Many thought Sprint would outsource its call centers to third-party providers. But the company spokesperson has confirmed in conversation with various news media that it would encourage customers to use its “Sprint Zone app” for basic tasks like bill inquiries, payments, and checking their device-upgrade or phone-lease status.

According to comments from the company executives published by various media outlets, many telecom subscribers are already using online facilities to address their questions and needs. “Moreover, the decision was made in response to the trend, which hinted that subscribers preferred seeking solutions online for all their customer-care queries and needs,” reported Tech News Today.
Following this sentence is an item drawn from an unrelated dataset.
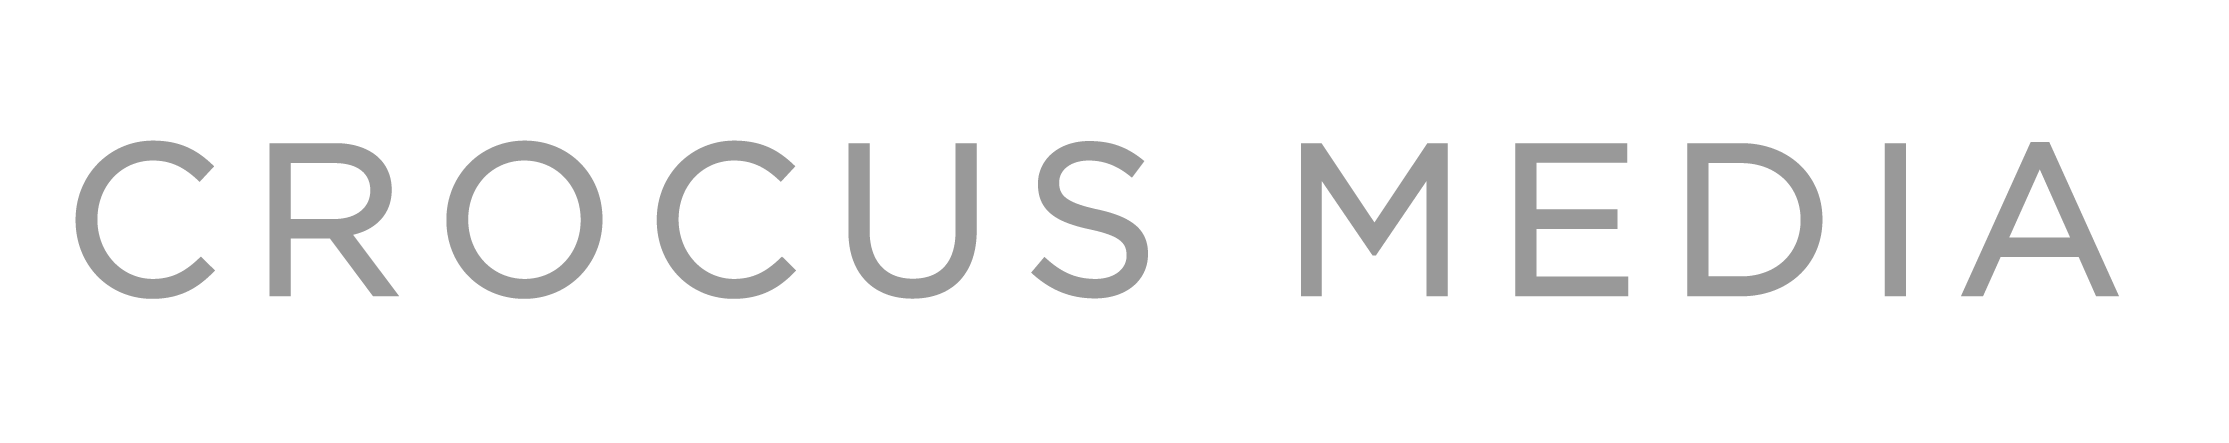 CROCUSMEDIA_Logo_WHITE

The call centers that have been shut down are located in Texas, Virginia, Tennessee, and Texas, while the job cuts were experienced in call centers in Colorado and Overland Park.  Last year, the operator said it was looking for cheaper locations to cut labor cost.

In October 2014, the company launched a round of layoffs that shed about 1,700 jobs. A month later it announced plans to cut another 2,000 jobs.

Many analysts predict that artificial intelligence might sound the death-knell for the call center industry over the coming decade. And Sprint’s announcement is just further evidence that the guillotine of automation is looming.